Just as astronomers on Earth are incessantly scanning the universe for signs of life, alien civilizations might be doing the same – and their search could light upon us.

And because we can't rule out the possibility that such aliens could be malevolent, scientists suggest we should be thinking about whether to cloak our planet from their questing eyes, and they have a strategy.

By employing the principles behind our own search for promising planets, argue researchers in a paper published Wednesday, we could potentially shield our home from those who would wish us harm.

“So a lot of scientists, including Stephen Hawking, have said it actually might be dangerous for other civilizations out there to know that we exist,” co-author Alex Teachey of Columbia University told Scientific American.

“If you look at the history of humanity there have been cases where two civilizations have come in contact for the first time, one of these civilizations with a slightly more advanced technology, and that group has ended up subjugating the other group,” he said.

The concern is that this could happen to us, on a planetary scale, just as literature and Hollywood like to remind us in stories such as “War of the Worlds” and “Independence Day."

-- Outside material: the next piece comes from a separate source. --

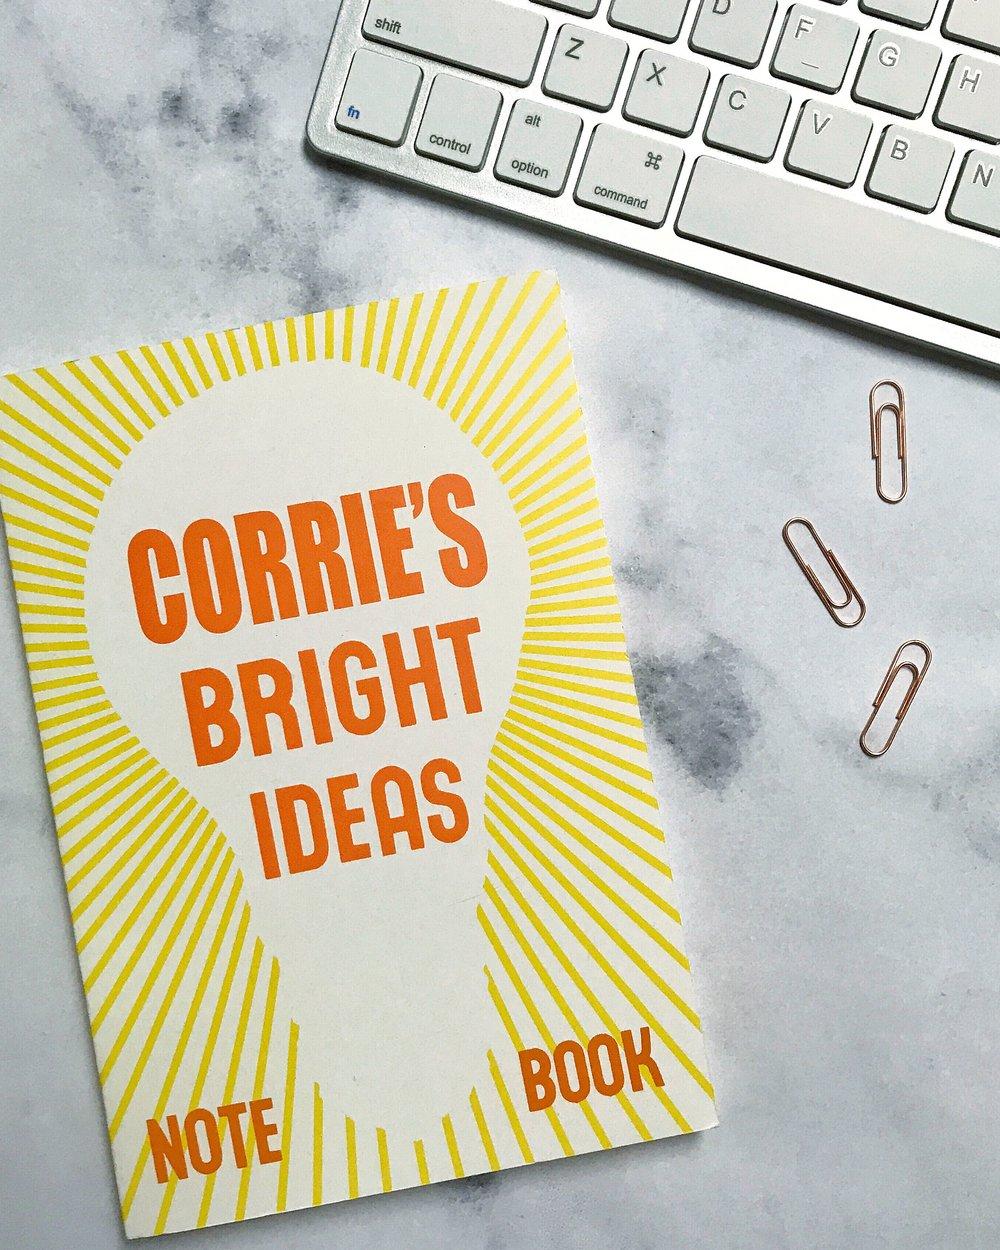 Corrie's bright ideas

To avoid such a scenario, researchers looked at the way in which our own scientists locate planets outside of our solar system, known as exoplanets.

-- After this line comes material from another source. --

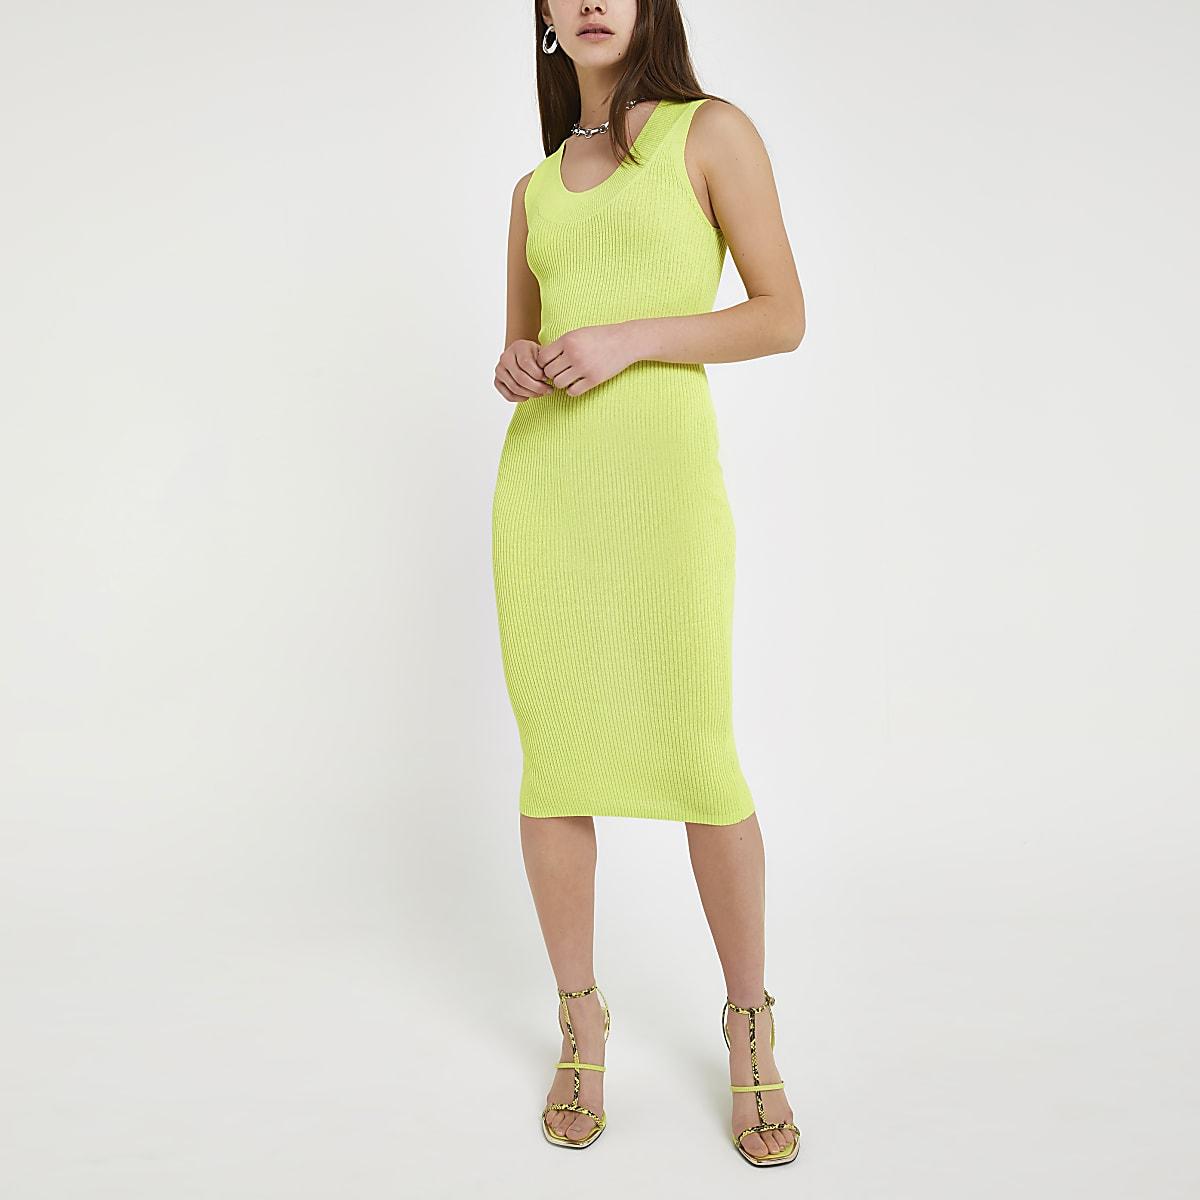 Petite neon yellow bodycon midi dress

Most such planets have been discovered by staring at distant suns and looking for temporary dips in the amount of light coming our way, indicating the likely passing of a planet in front of said star. NASA’s Kepler telescope has identified more than a thousand planets in this way.

And so could aliens discover the existence of Earth.

“If you wanted to cloak a planet, if you wanted to make it look like the planet is not there at all, you’ve got to get rid of that dip,” explains Mr. Teachey in a Youtube video. “You’ve got to fill in the missing starlight.”

We could do this, explain the researchers in the Monthly Notices of the Royal Astronomical Society, by firing lasers into space, to compensate for the sunlight hidden by the passing Earth, tricking any observers into thinking nothing at all was happening.

A single 30-megawatt laser, pumping out its beam for a mere 10 hours once a year, would do the trick – requiring energy equivalent to that consumed annually by about 70 homes.

"It doesn't have to be one huge laser; it could be an array positioned around the Earth,” co-author David Kipping told the BBC. “Or you could put it in space as a satellite, and we've calculated that the International Space Station already collects exactly the amount of energy we would need."

And yet light is not the only way by which a planet can be found. There are other means, such as the gravitational pull it exerts on a star.

If an extraterrestrial race were to detect the presence of a planet in one of these other ways, and yet fail to see the drop in light as it passed by the sun, it could pique their curiosity. Better, perhaps, to let them see the planet, but to erase all indication that it might host conditions favorable to life.

Such a “bio-cloak” would require less energy than full concealment, and it would work by altering the apparent wavelength of light passing from the sun through our atmosphere – a characteristic that can be used to determine the makeup of a planet’s atmosphere.

"We can actually cancel those features out, such as oxygen," Dr. Kipping told Space.com. "The alien civilization is going to detect your planetary transit. They're going to detect your planetary radial velocity, but then when they 'smell' the atmosphere, it would not look like a tasty planet. It would just look like a dead world."